Échantillonnage biologique

 

La recherche a effectué de grandes avancées à la fin des années 1980, lorsque nous avons commencé à prendre des biopsies (échantillons de peau et de graisse). Les biopsies prises simultanément avec la photo identification nous permettent de déterminer le sexe et le code génétique des individus, ce qui nous permet de mieux comprendre la structure sociale, la reproduction et éventuellement la généalogie de chacune des espèces étudiées.

 

 

Les échantillons de peau peuvent aussi être utilisés pour déterminer la diète de chaque individu.

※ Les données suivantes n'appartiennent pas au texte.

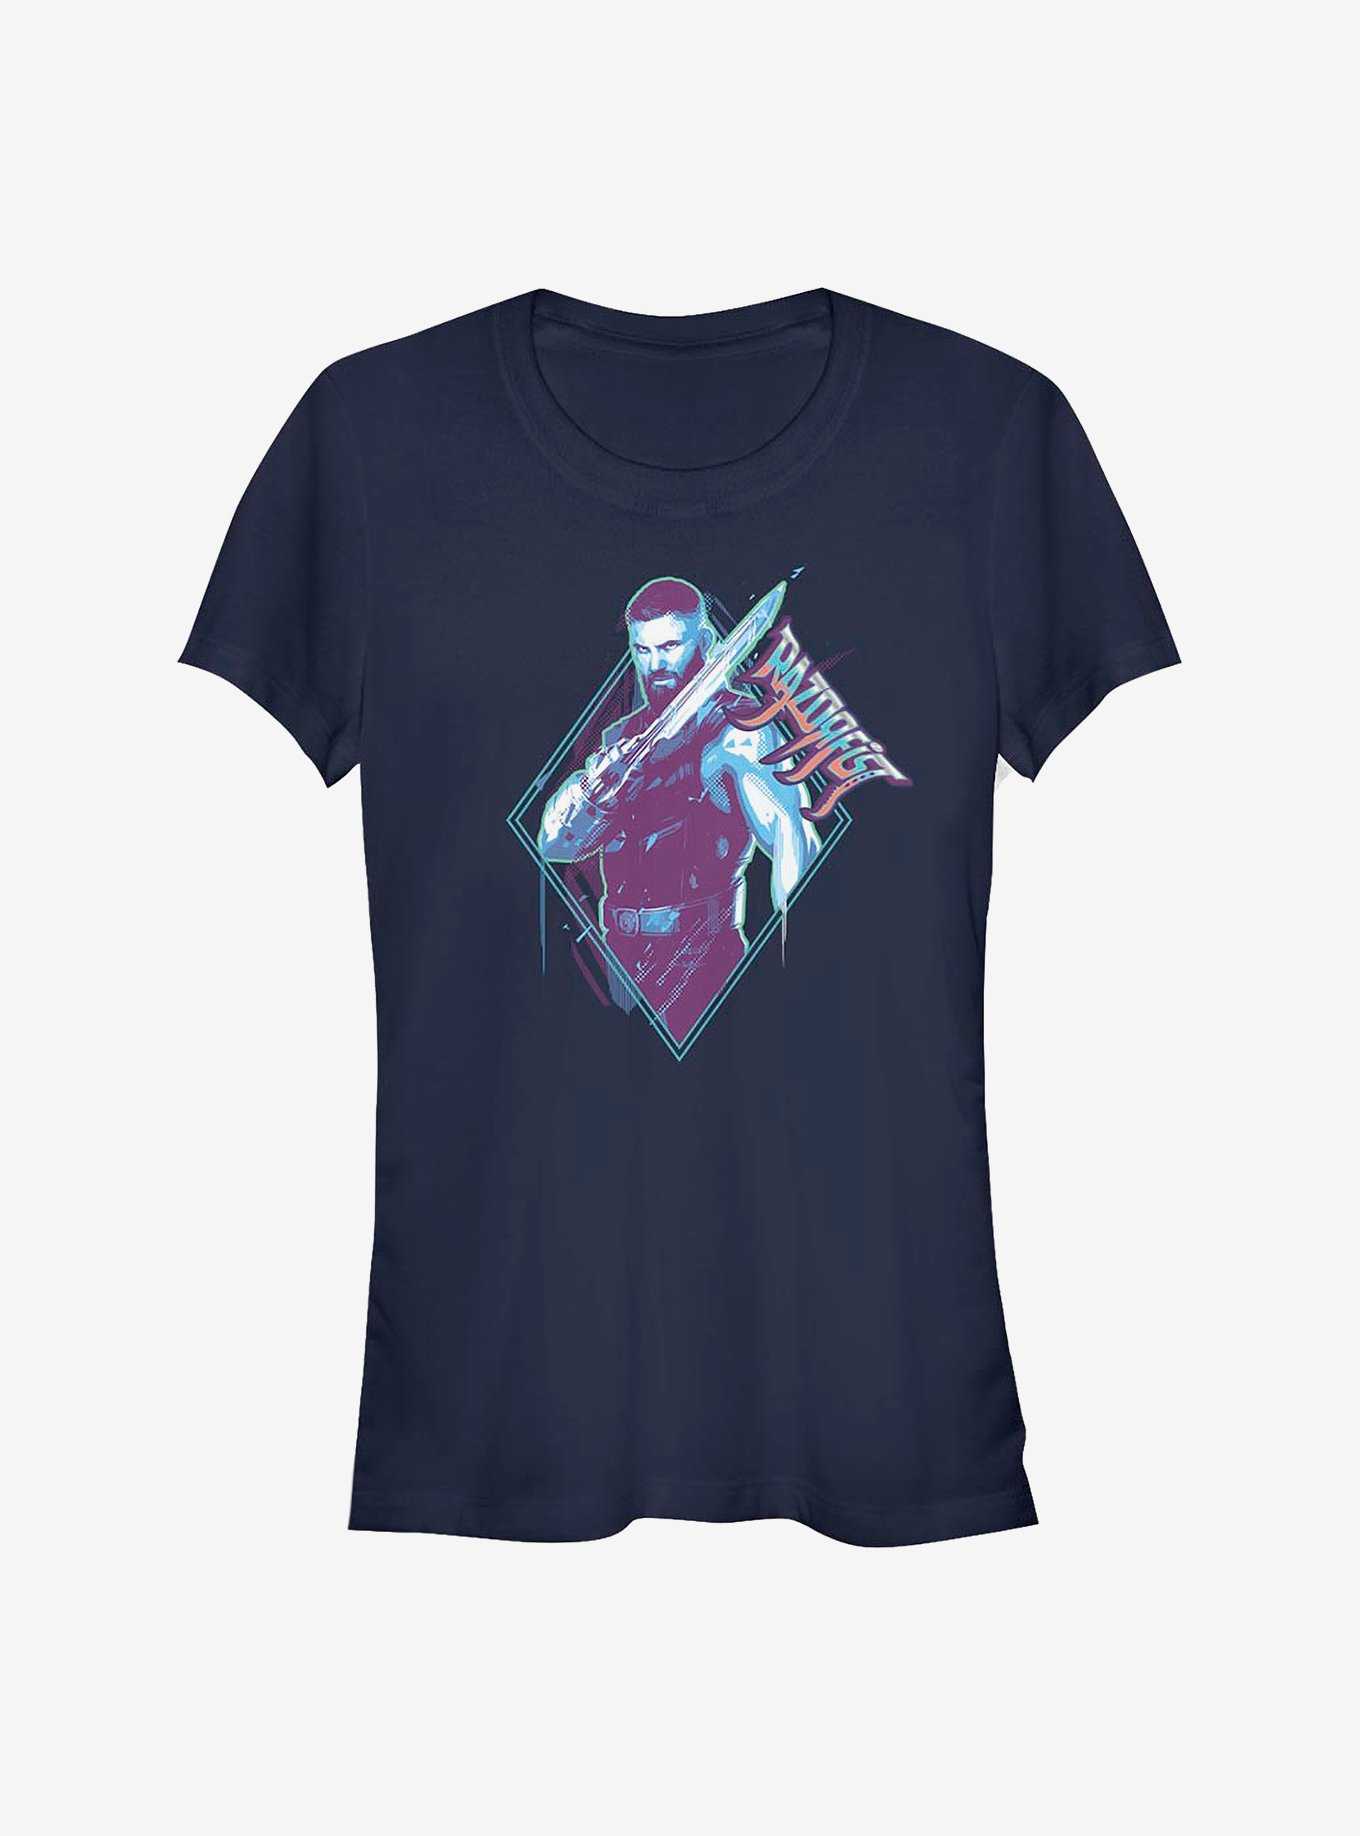 Marvel Shang-Chi And The Legend Of The Ten Rings Razorfist Badge Girls T-Shirt, , hi-res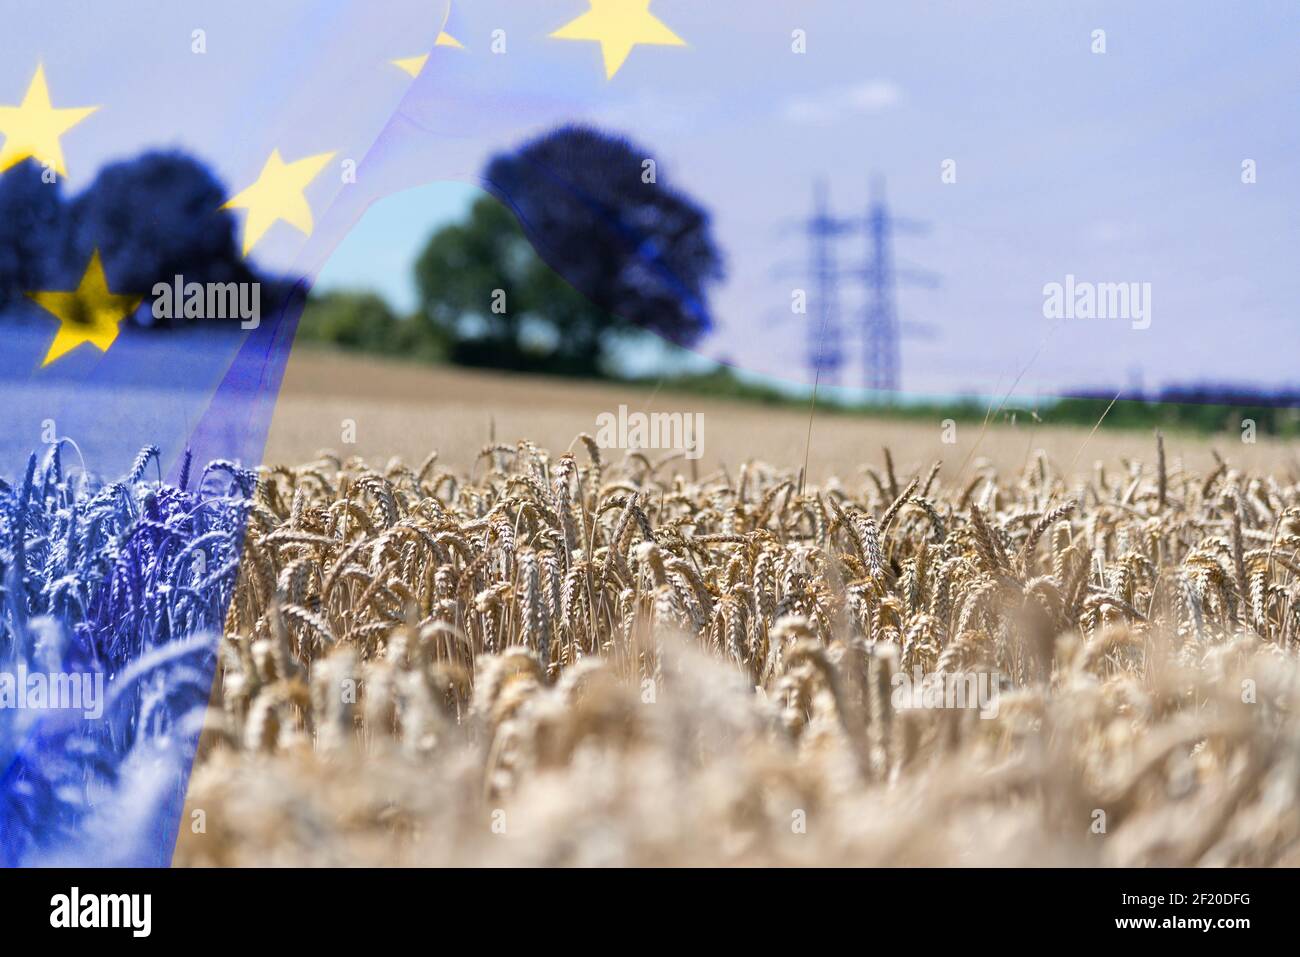 European Union flag EU and agriculture in Europe Stock Photo

En se servant des isotopes stables, des analyses en laboratoire permettent de déterminer le niveau trophique auquel les différentes espèces s'alimentent, ce qui est important pour bien comprendre la compétition entre chaque espèce.

 

Puisque certains polluants sont liposolubles et s'accumulent dans les graisses à travers le temps, le gras recueilli dans les biopsies peut être analysé pour déterminer les concentrations de polluants persistants logés dans les graisses, tels que les PCB, pesticides et dioxines, pour n'en nommer que certains.
Certaines de ces substances, maintenant interdites en Amérique du Nord, sont reconnues comme causant de sévères troubles de santé. En effectuant le suivi des concentrations de ces substances dans les animaux étudiés, nous pourrons acquérir une meilleure compréhension du niveau de pollution de leur habitat.
L'étude des graisses nous permet aussi de déterminer le taux d'hormones de grossesses (progestérone), tout comme la testostérone et le niveau d'hormones reliées au stress.
Ces techniques font partie des projets de recherche en cours, et nécessitent un développement continu des capacités d'interprétation pour certains aspects des données. Un aperçu des principaux projets en cours est disponible ci-après.
Les échantillons de biopsies sont récoltés en projetant une fléchette à tête modifiée à l'aide d'une arbalète.
La fléchette est surmontée par une pointe avec des embouts en acier inoxydable ou en titane, qui pénétrera dans la chair de l'animal et dans laquelle se trouve 3 crochets pour retenir l'échantillon à l'intérieur de la pointe. Une bouée spécialement conçue empêche la flèche de pénétrer plus profondément que le tissu épithélial et permet à la flèche de rebondir et de flotter pour être récupérée facilement. Chaque embout est désinfecté avec de l'alcool avant chaque utilisation et chaque embout n'est utilisé qu'une seule fois pour éviter les risques de contamination ou de mélange d'ADN. Nous obtenons en moyenne entre 18 et 25 mm de gras et de peau dans chaque échantillon collecté. Plusieurs études ont été réalisées avec cette technique sans remarquer d'effets négatifs sur l'espèce étudiée. Certains individus réagissent à l'approche des embarcations et parfois au tir de la fléchette, mais retournent à leur comportement initial quelques minutes plus tard. En effet, certains rorquals à bosses réagissent plus aux tirs manqués qu'à ceux réussis.